Erstellt am 12. Juni 2018, 03:00

von Denise Schweiger

Alexander Hauer „Unsere Bühne hat keinen roten Vorhang“. Kurz vor der Premiere von „Luzifer“ sprach die NÖN mit Intendant Alexander Hauer über das Stück, die Idee und das Böse.

Mit einem ästhetischen Schrottplatz als Bühne wollen die Sommerspiele 2018 punkten. Intendant Alexander Hauer macht es sich schon einmal gemütlich.   |  Schweiger

NÖN: Heuer findet sich in der Melker Wachauarena das große Epos Gut gegen Böse. Warum fiel die Entscheidung auf diese Thematik?

Alexander Hauer: Unser Spielplan besteht aus großen mythologischen und literarischen Stoffen, die auch in einem Zusammenhang mit dem Ort zu setzen sind. So finden sich immer wieder Stoffe, die mit Melk direkt zu tun haben oder mit dem Spannungsfeld Religion und Gesellschaft. Und so lag die mythologische Figur des Luzifer dann irgendwann auf der Hand.

Vom Inhalt weiß man bis jetzt sehr wenig, vor allem im Vergleich zur historienbasierten Aufführung 2017, der „Bartholomäusnacht“. Welche Herausforderungen bringt ein Auftragswerk wie „Luzifer“ mit sich?

Hauer: Wissen wir von historischen Themen wirklich mehr als von Mythologien? Wir saßen jedenfalls dieses Mal vor einem weißen Blatt Papier und mussten uns überlegen, wie wir uns dieser Geschichte nähern, welchen Rahmen wir erfinden.
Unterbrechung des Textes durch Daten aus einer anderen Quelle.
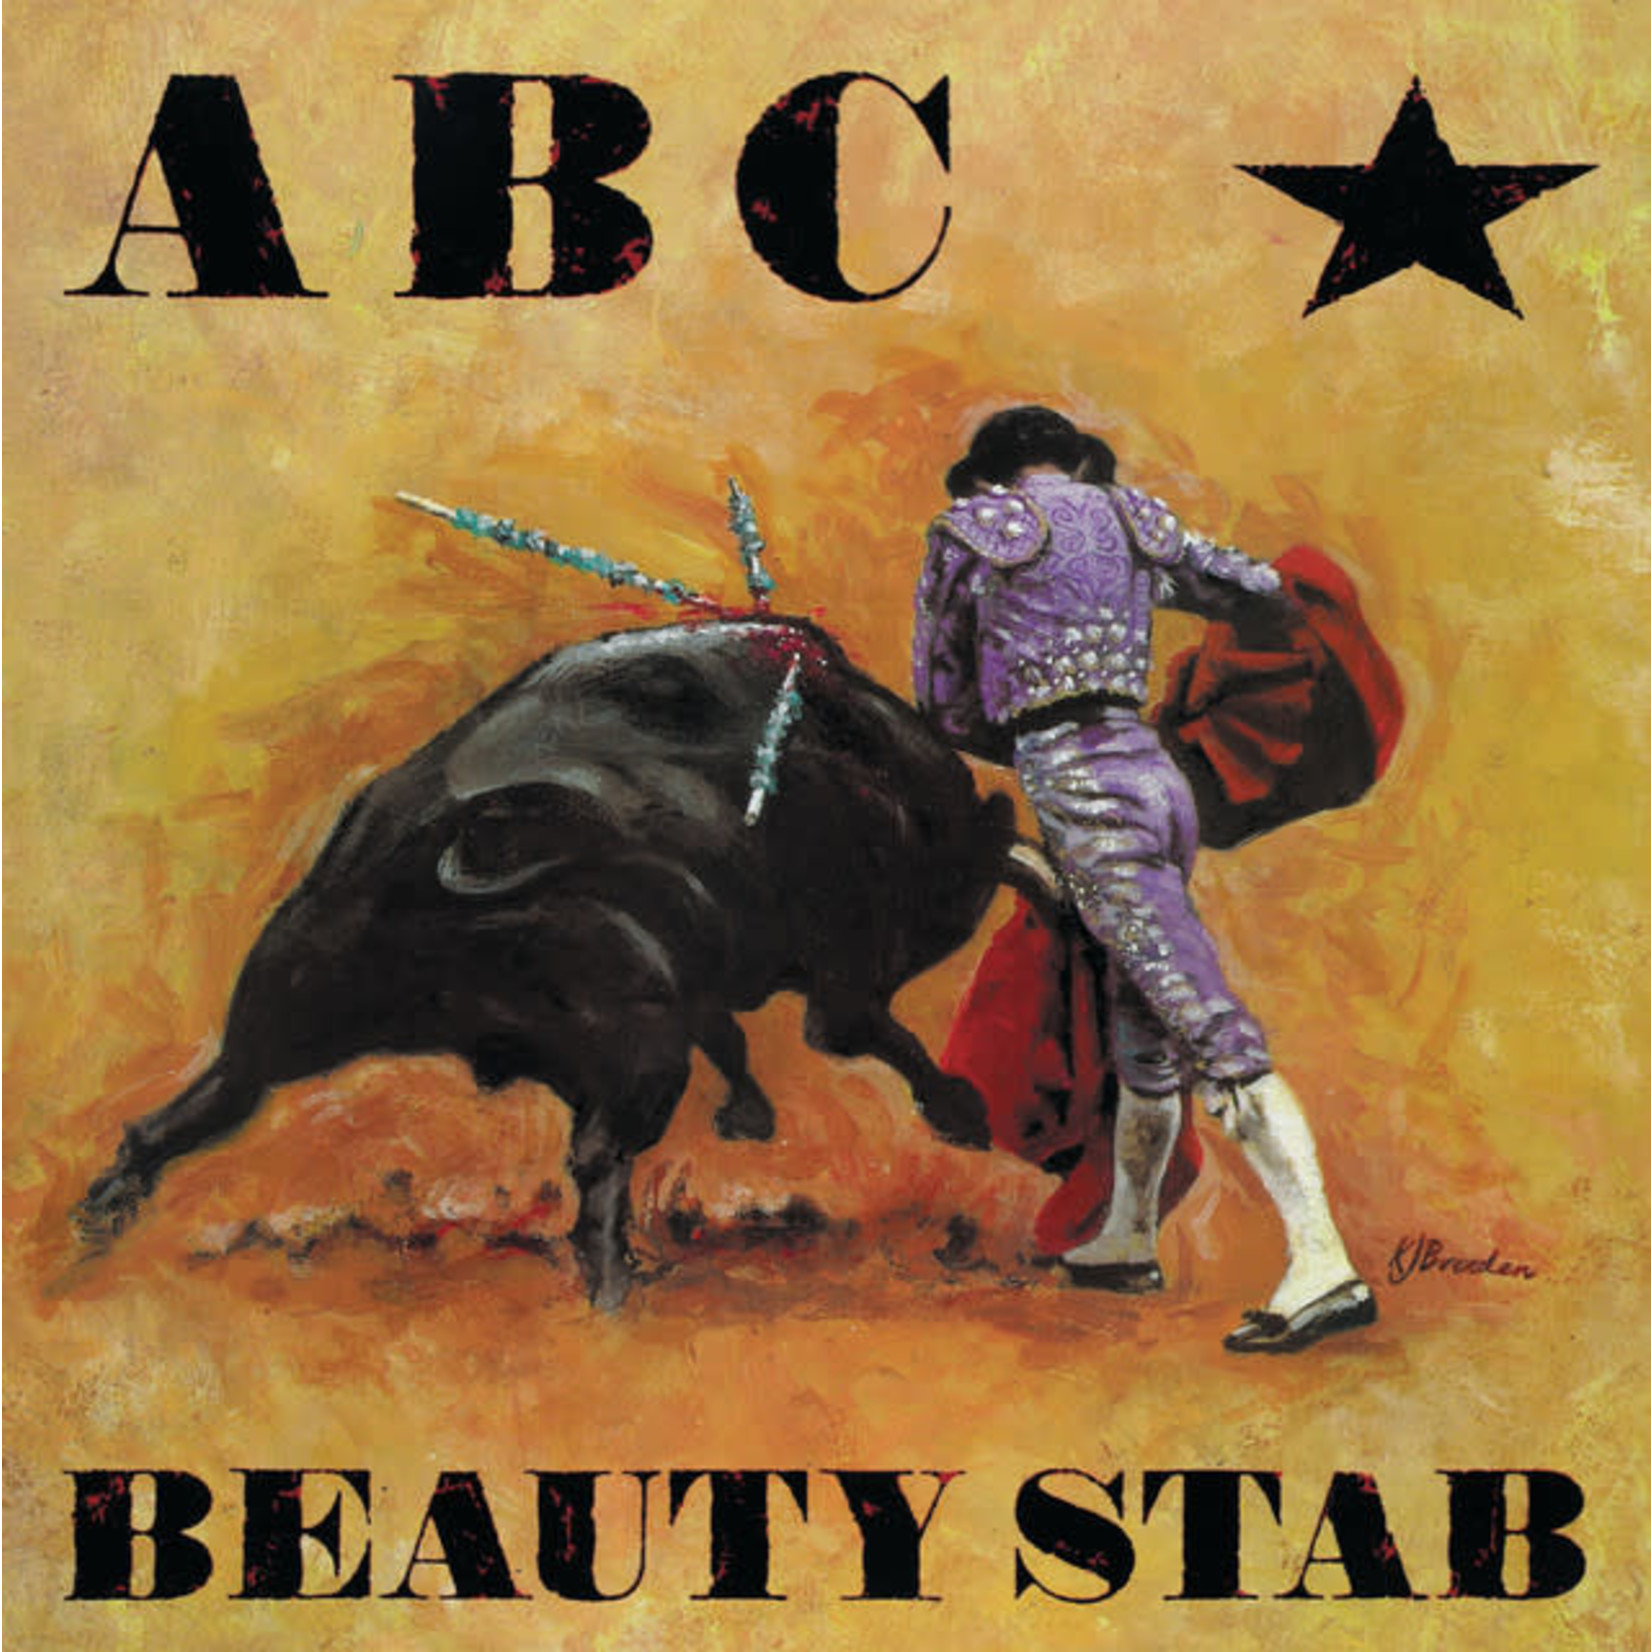 [Vintage] ABC - Beauty Stab
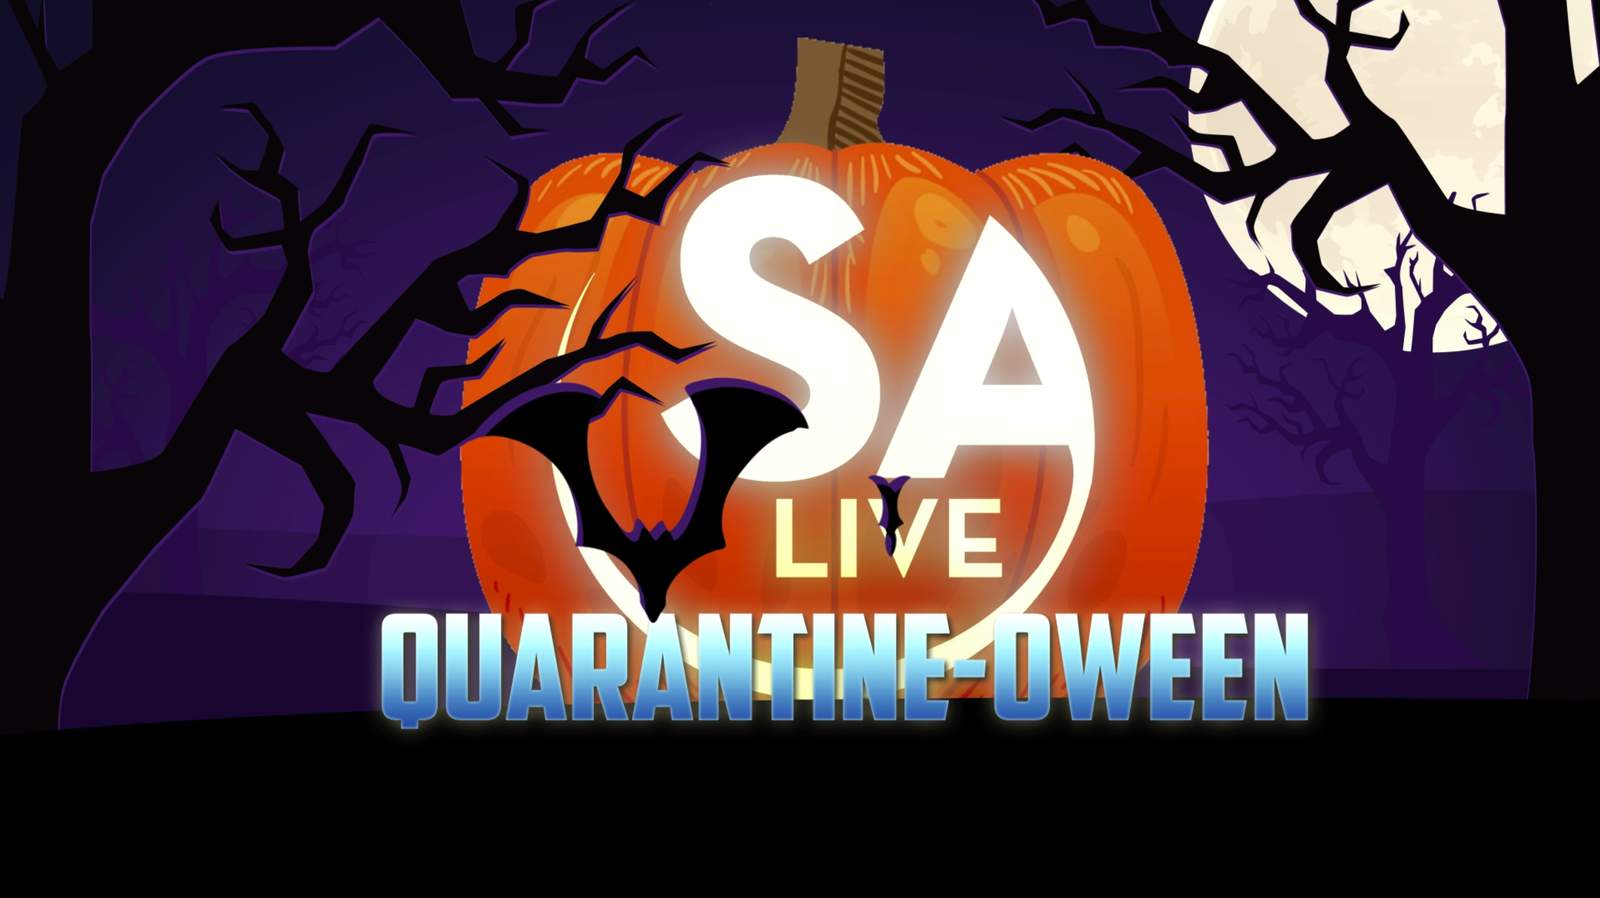 As seen on SA Live - Quarantine-oween! - Friday, October 30, 2020

Dass Luzifer Gott zu seinem Theater des Bösen lädt, ist jedenfalls schon bekannt. War die Idee vom „Theater im Theater“ von Anfang an da?

Hauer: Das war die Idee von Autor Bernhard Aichner. Er hatte Lust auf dieses Spiel im Spiel. Freilich hat unsere große Bühne keinen roten Vorhang, bietet aber Besonderheiten. Auch das Ensemble bringt sich dabei mit Begeisterung ein.

Apropos Bernhard Aichner: Wie läuft die Zusammenarbeit zwischen euch?

Hauer: Wir haben uns auf Anhieb gut verstanden. Wir haben gemeinsam konzipiert und auch jetzt in der Endphase arbeiten wir natürlich zusammen.

Vieles ist erst jetzt, kurz vor der Premiere, im Entstehen. Ist der Zeitdruck ein Reiz oder eher eine Last? Hauer: Wir sind ein lustvolles, geistiges Forschungslabor. Da bleibt alles bis zuletzt in Bewegung. Würde das nicht sein, wäre es für Ensemble und Publikum bald langweilig. Aber ich muss gestehen, in den letzten zwei Wochen schlafe ich nicht viel und der Kopf rattert sehr.

„Luzifer“ wird wohl das Böse in all seinen Facetten zeigen. Wie definieren Sie denn das Böse?

Hauer: Am ehesten als Respektlosigkeit. Da merkt man schon, dass das Böse viel früher anfängt, als nur beim Grauen.